Research and Development Center, 3billion, 14th floor, 416 Teheran-ro, Gangnam-gu, Seoul, 06193, Republic of Korea.
Hum Genomics. 2024 Mar 21;18(1):28. doi: 10.1186/s40246-024-00595-8.
In the process of finding the causative variant of rare diseases, accurate assessment and prioritization of genetic variants is essential. Previous variant prioritization tools mainly depend on the in-silico prediction of the pathogenicity of variants, which results in low sensitivity and difficulty in interpreting the prioritization result. In this study, we propose an explainable algorithm for variant prioritization, named 3ASC, with higher sensitivity and ability to annotate evidence used for prioritization. 3ASC annotates each variant with the 28 criteria defined by the ACMG/AMP genome interpretation guidelines and features related to the clinical interpretation of the variants. The system can explain the result based on annotated evidence and feature contributions.

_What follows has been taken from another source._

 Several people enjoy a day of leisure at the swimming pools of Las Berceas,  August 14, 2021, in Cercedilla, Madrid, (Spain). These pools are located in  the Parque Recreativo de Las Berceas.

We trained various machine learning algorithms using in-house patient data. The performance of variant ranking was assessed using the recall rate of identifying causative variants in the top-ranked variants. The best practice model was a random forest classifier that showed top 1 recall of 85.6% and top 3 recall of 94.4%. The 3ASC annotates the ACMG/AMP criteria for each genetic variant of a patient so that clinical geneticists can interpret the result as in the CAGI6 SickKids challenge. In the challenge, 3ASC identified causal genes for 10 out of 14 patient cases, with evidence of decreased gene expression for 6 cases. Among them, two genes (HDAC8 and CASK) had decreased gene expression profiles confirmed by transcriptome data.

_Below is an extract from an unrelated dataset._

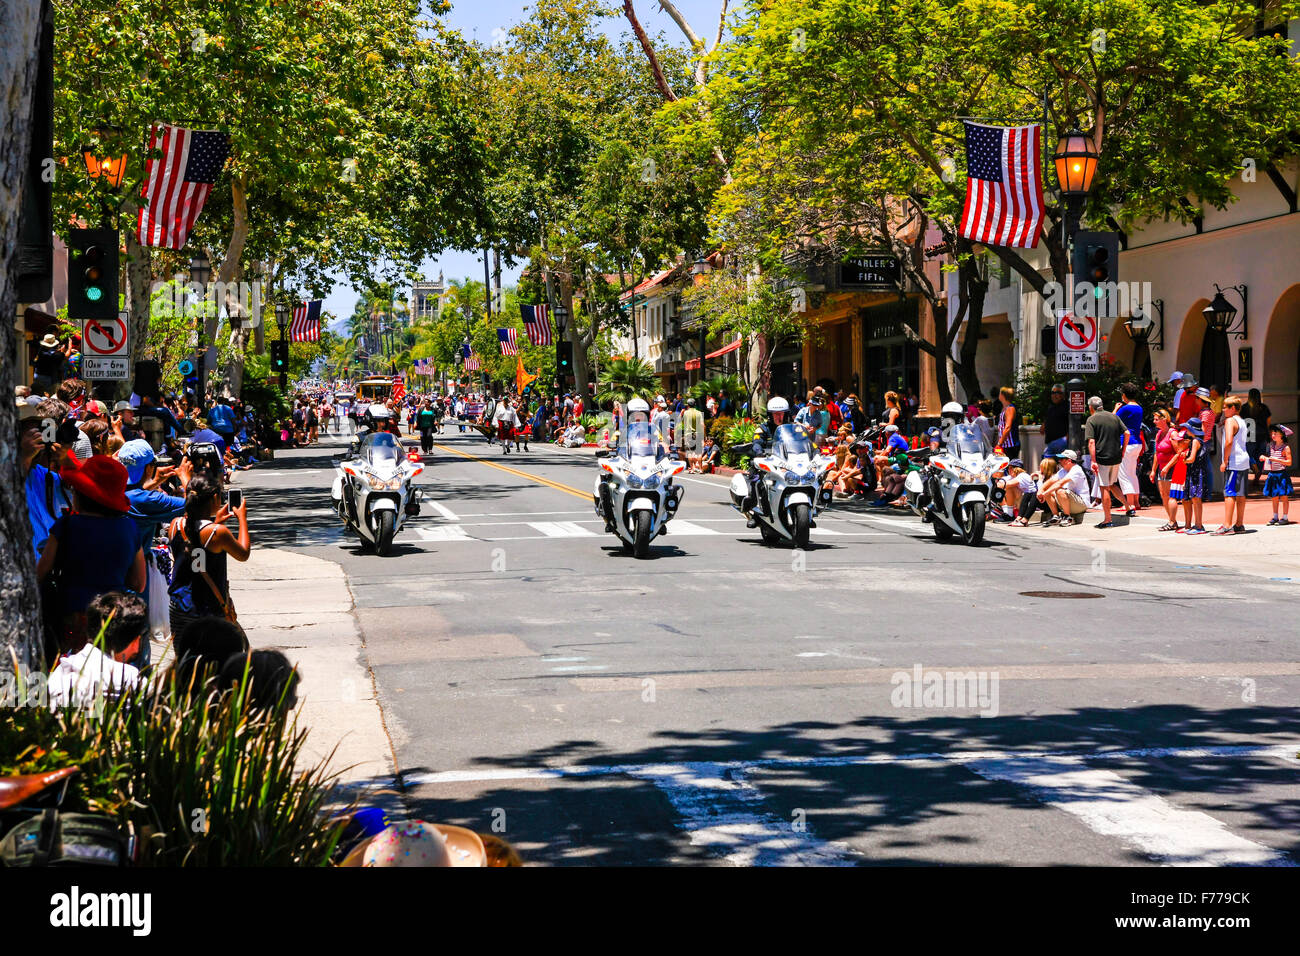 Californian Police motorcyclists lead the July 4th parade down State

3ASC can prioritize genetic variants with higher sensitivity compared to previous methods by integrating various features related to clinical interpretation, including features related to false positive risk such as quality control and disease inheritance pattern. The system allows interpretation of each variant based on the ACMG/AMP criteria and feature contribution assessed using explainable AI techniques.
在寻找罕见病致病变体的过程中,准确评估和优先考虑遗传变体至关重要。以前的变体优先级工具主要依赖于变体致病性的计算机预测,这导致敏感性低,并且难以解释优先级结果。在这项研究中,我们提出了一种可解释的变体优先级算法,名为 3ASC,它具有更高的敏感性和注释优先级使用证据的能力。3ASC 为每个变体标注了 ACMG/AMP 基因组解释指南定义的 28 个标准以及与变体临床解释相关的特征。系统可以根据标注的证据和特征贡献来解释结果。
我们使用内部患者数据训练了各种机器学习算法。变体排名的性能通过在排名靠前的变体中识别致病变体的召回率来评估。最佳实践模型是随机森林分类器,其前 1 名召回率为 85.6%,前 3 名召回率为 94.4%。3ASC 为患者的每个遗传变体标注了 ACMG/AMP 标准,以便临床遗传学家可以像在 CAGI6 SickKids 挑战赛中那样解释结果。在挑战赛中,3ASC 确定了 14 个患者案例中的 10 个因果基因,其中 6 个有基因表达降低的证据。其中,两个基因(HDAC8 和 CASK)的基因表达谱降低情况得到了转录组数据的证实。
与以前的方法相比,3ASC 通过整合与临床解释相关的各种特征,包括与假阳性风险相关的特征(如质量控制和疾病遗传模式),可以以更高的敏感性对遗传变体进行优先级排序。该系统允许根据 ACMG/AMP 标准和使用可解释 AI 技术评估的特征贡献来解释每个变体。